É quase impossível exagerar a importância e o impacto do arXiv, um repositório de conhecimento ao longo do tempo; quase sozinho justificou a existência da internet. ArXiv (pronuncia-se “archive” ou “Arr-ex-eye-vee”, dependendo de quem você pergunta) é um repositório de pré-impressões onde, desde 1991, cientistas e pesquisadores anunciaram “ei, acabei de escrever isso” para o resto do mundo científico. A análise da partida caminha com frieza, mas é necessária. Como o ArXiv exige uma revisão rápida e única por um moderador em vez de uma revisão completa, ele adiciona uma etapa intermediária fácil entre a descoberta e a revisão por pares, onde todas as descobertas e inovações mais recentes podem ser tratadas com cuidado, com a urgência que merecem mais ou menos imediatamente.
Mas o uso da IA prejudicou o ArXiv e é sangrento. E é o sangue que nunca poderá limpar você.
Como um * uma história recente no Atlântico observa que o criador do ArXiv e professor de ciência da informação da Cornell, Paul Ginsparg, ficou entusiasmado com a ascensão do ChatGPT, pois a IA pode ser usada para quebrar barreiras pequenas, mas necessárias, para evitar a propagação de lixo no ArXiv. No ano passado, Ginsparg trabalhou em uma análise que analisou a probabilidade de IA em envios de arXiv. O mais chocante é que os cientistas que usaram LLMs para gerar os artigos foram aparentemente mais produtivos do que aqueles que não usaram IA. O número de artigos escritos por IA ou pôsteres aumentados foi 33% maior.
A IA pode ser legitimamente usada, diz a análise, para coisas como superar a barreira do idioma. Segue:
“No entanto, os padrões científicos tradicionais de qualidade, tais como a complexidade da linguagem, estão a tornar-se fracos indicadores de mérito à medida que experimentamos uma mudança na quantidade de trabalho científico. À medida que os sistemas de IA avançam, desafiarão os nossos pressupostos sobre a qualidade da investigação, a comunicação académica e a natureza do trabalho intelectual.”
Mas não o ArXiv. Globalmente, é um momento terrível para a estabilidade da educação em geral. Um autoproclamado espanto publicado na semana passada na Nature descreveu a desventura de um cientista de IA que trabalhava na Alemanha chamado Marcel Bucher, que usava o ChatGPT para gerar e-mails, informações, palestras e testes. Como se isso não bastasse, o ChatGPT também ajudou a analisar as respostas dos alunos e incorporou-as em partes interativas do seu ensino. Um dia então, Bucher tentou desabilitar “temporariamente” o que chamou de opção de “consentimento de dados”, e quando o ChatGPT de repente apagou todas as informações apenas no aplicativo – ou seja: nos servidores OpenAI – nas páginas da Nature eludiu que “dois anos de trabalho acadêmico diligentemente estruturado desapareceram”.
Cada vez mais, a preguiça da IA está a ser levada a manifestar-se num campo preciso, onde o rigor e a atenção aos detalhes são esperados e considerados indutores de desespero. Era seguro assumir que o número de publicações era questionável Foi lançado poucos meses depois do lançamento do ChatGPTMas agora, como relata o The Atlantic, estamos a começar a obter os detalhes sobre a própria substância e escala desse problema, não tanto a ansiedade de violação do tipo Bucher, causada pela IA, de pessoas que comem ou morrem e a pressa em falsificar papel rapidamente, mas a fraude da indústria da engenharia.

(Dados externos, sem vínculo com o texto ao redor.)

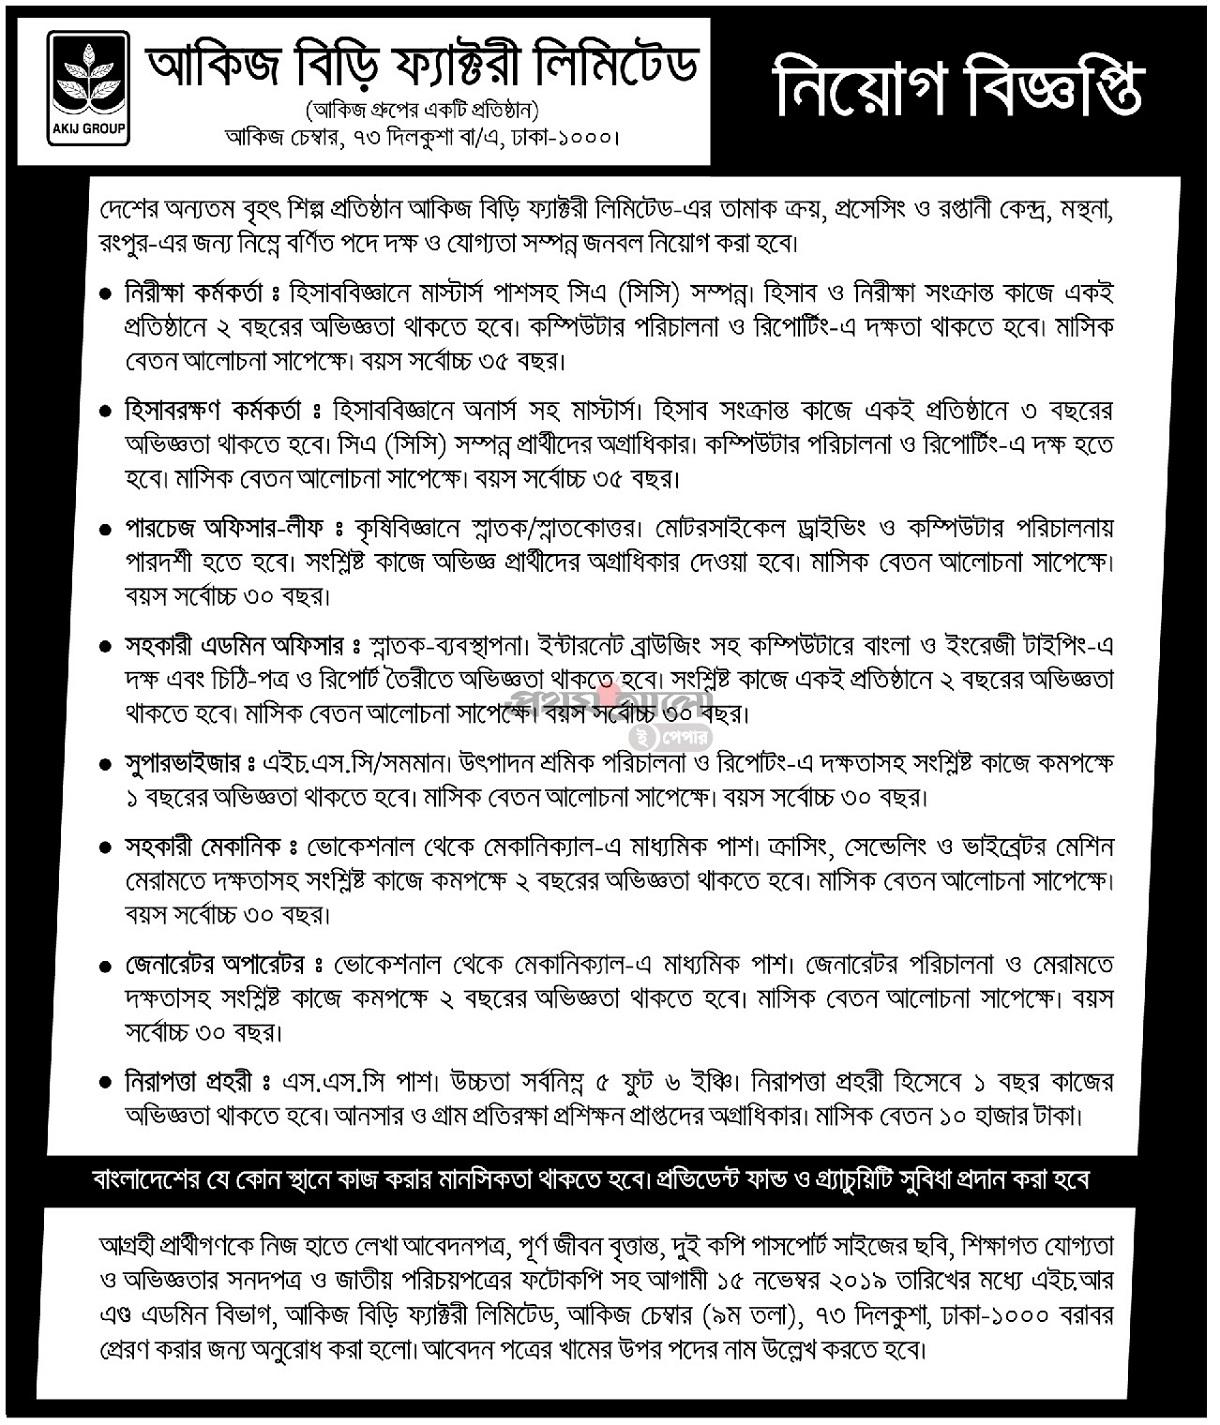 Akij Biri Factory Limited Job Circular 2019

Por exemplo, na investigação do cancro, os maus actores podem ter acesso a documentos odiosos que documentam “interacções entre uma célula tumoral e apenas uma dos muitos milhares de proteínas que existem”, observa The Atlantic. Se o artigo alegar ser baseado nele, levantará sobrancelhas, uma farsa significativa deveria ser mais notada, mas se a conclusão falsa de um falso experimento com câncer for monótona, será muito mais desleixado para ser publicado – mesmo com fé confiável. É ainda melhor se as imagens de eletroforese em gel geradas forem feitas com AI Blobs, que também são enfadonhos, mas à primeira vista acrescentam probabilidade adicional.
Em suma, um rio de lixo chegou às ciências, e todos estão menos preguiçosos, desde acadêmicos ocupados ponderando sobre suas lições, até revisores e moderadores do ArXiv. Caso contrário, os repositórios de conhecimento que são utilizados entre as poucas informações genuínas que restam já estão – talvez irrevogavelmente – infectados com a doença da sobrecarga. E 2026 não parece o momento em que alguém ficará menos preguiçoso?